Setting an overly permissive Cross-Origin Resource Sharing (CORS) policy allows malicious websites to read responses from your application on behalf of authenticated users.
Same-origin policy in browsers prevents JavaScript from
making cross-origin HTTP requests to resources with a different origin (domain, protocol, or port). The Cross-Origin Resource Sharing (CORS) mechanism allows servers to relax this
restriction by including Access-Control-Allow-Origin response headers that tell browsers which origins are permitted.

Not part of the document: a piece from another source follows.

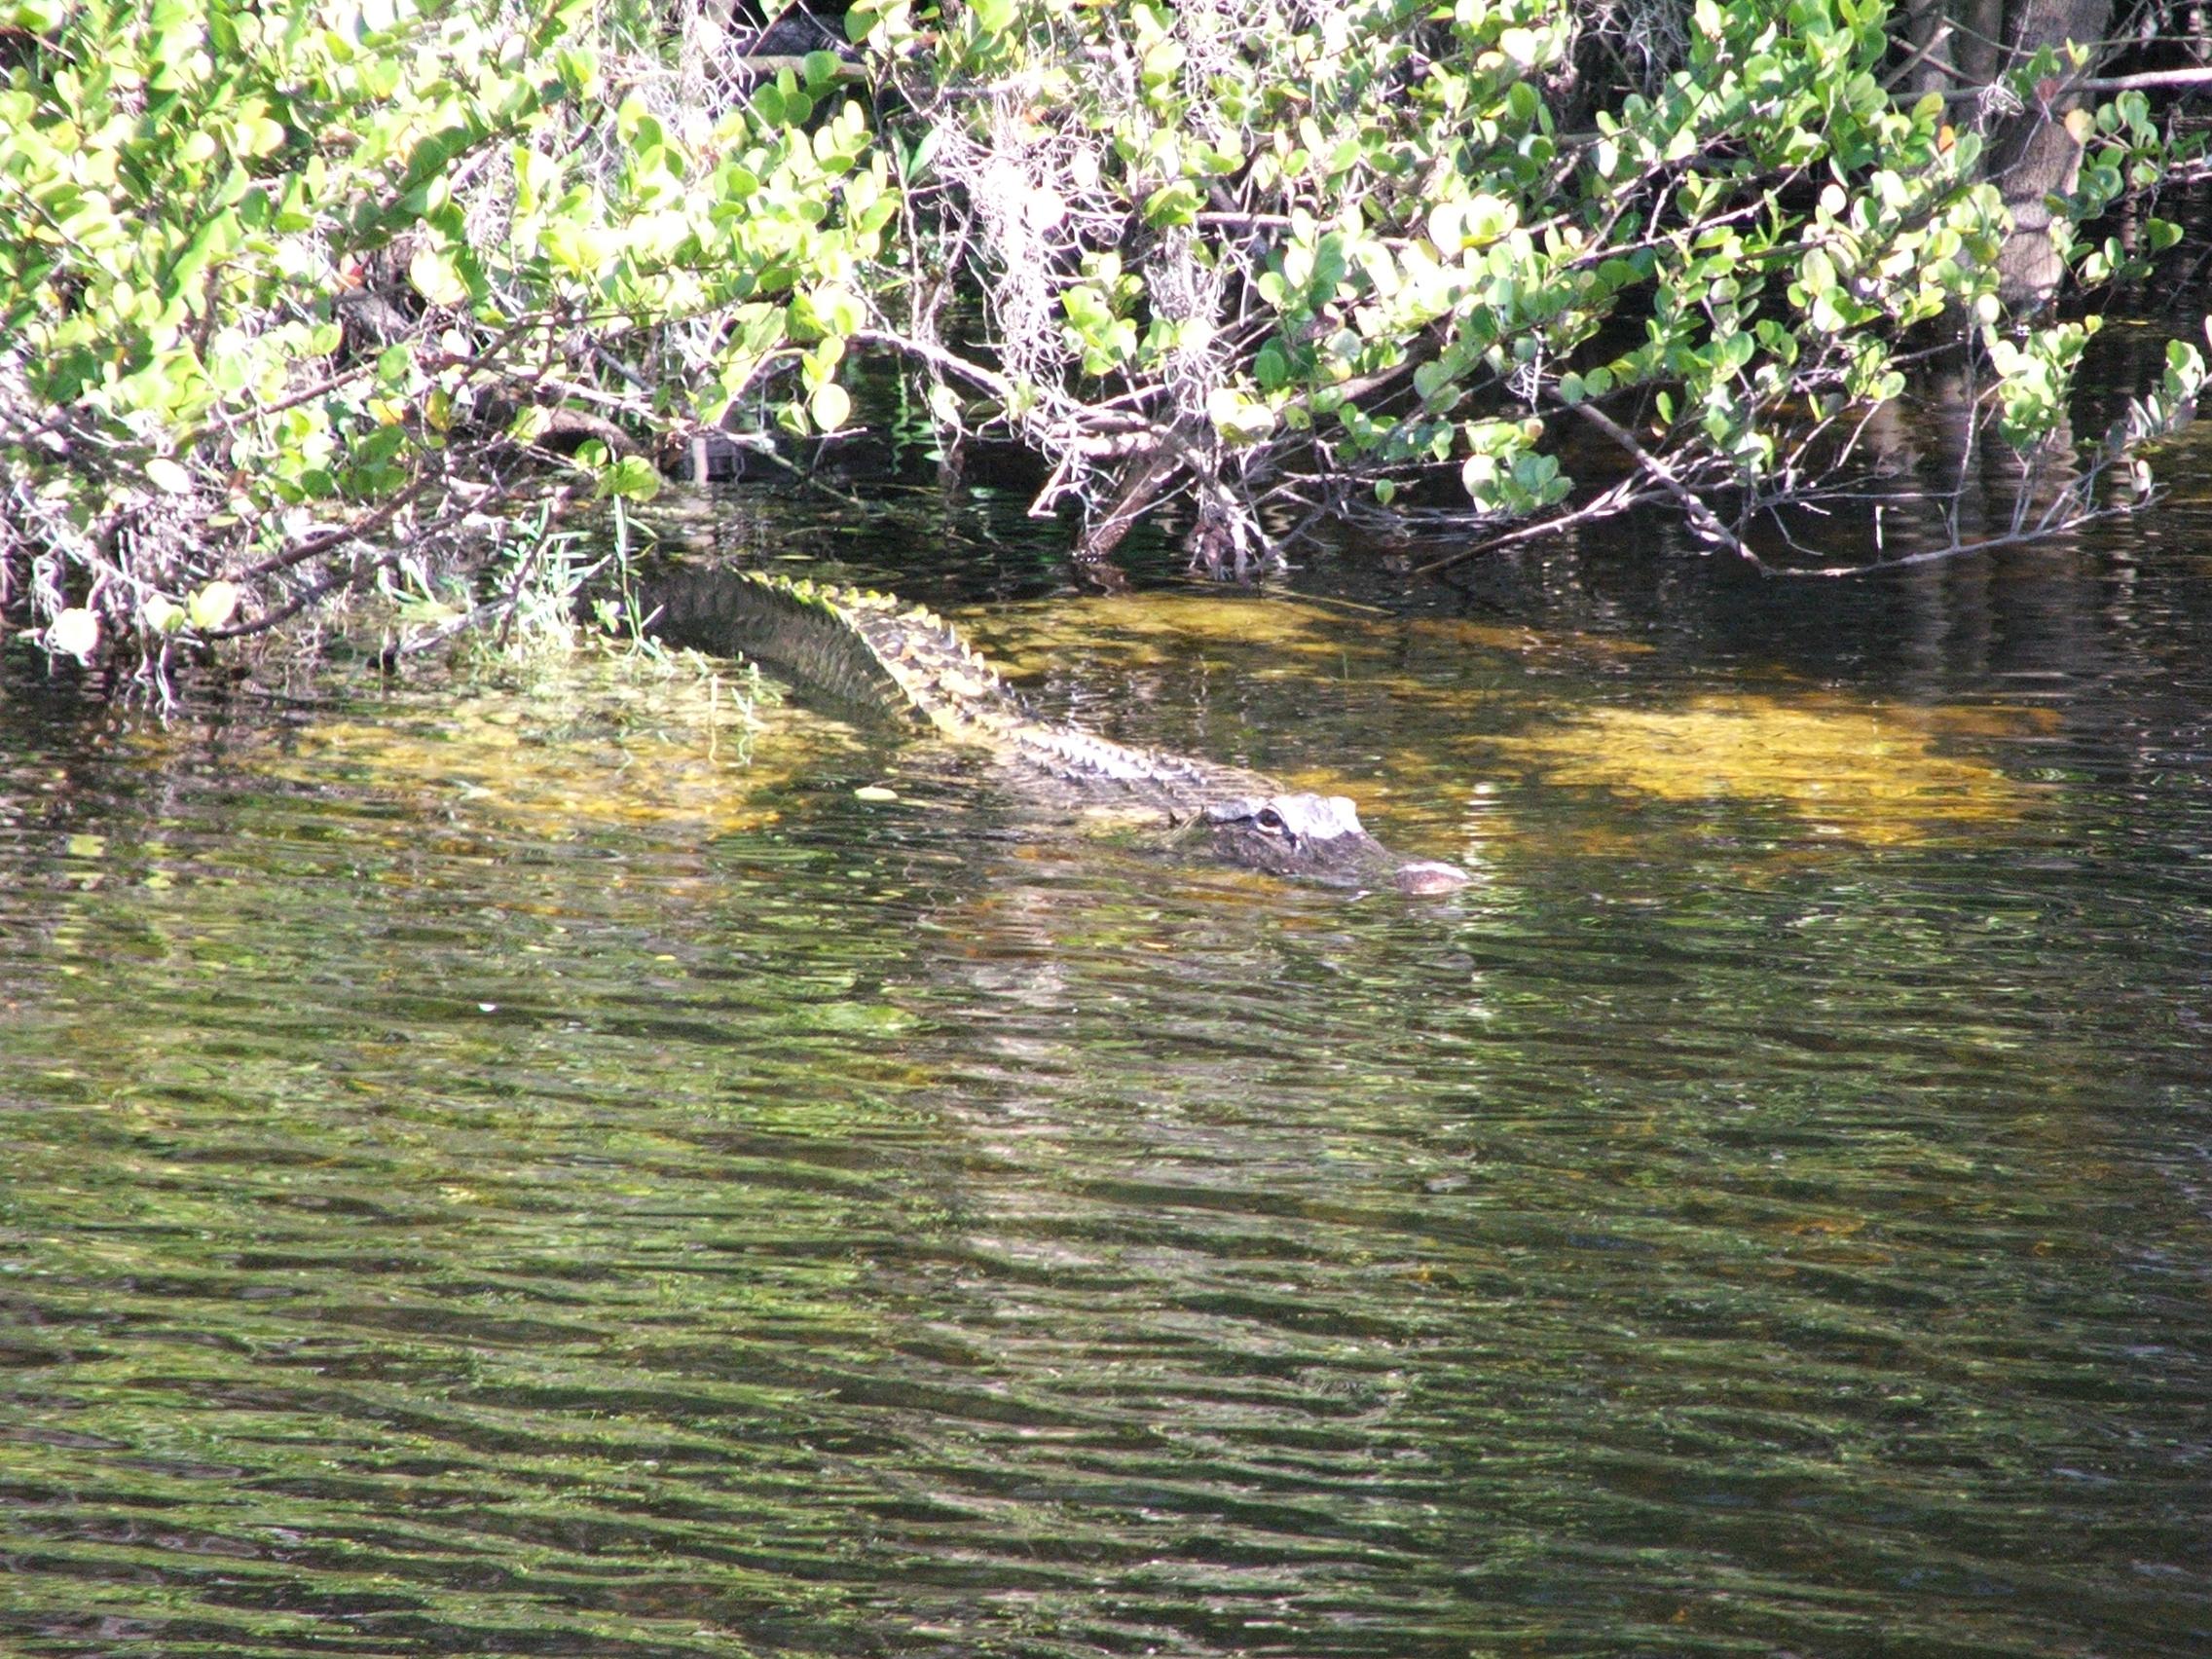 Everglades_US41-6016

Setting the Access-Control-Allow-Origin header to a wildcard (*) or dynamically reflecting a user-supplied
Origin header without validation completely disables same-origin protection for the affected resource.
When CORS restrictions are disabled, a malicious website visited by an authenticated user can issue cross-origin requests to the vulnerable application and read the responses. This allows attackers to steal sensitive data accessible to the victim, such as account details, API keys, or private application data.
If the application is also configured with Access-Control-Allow-Credentials: true, the browser will include cookies and HTTP
authentication headers in cross-origin requests. Attackers can then perform authenticated operations on behalf of the victim, potentially leading to
full account takeover or unauthorized data modification.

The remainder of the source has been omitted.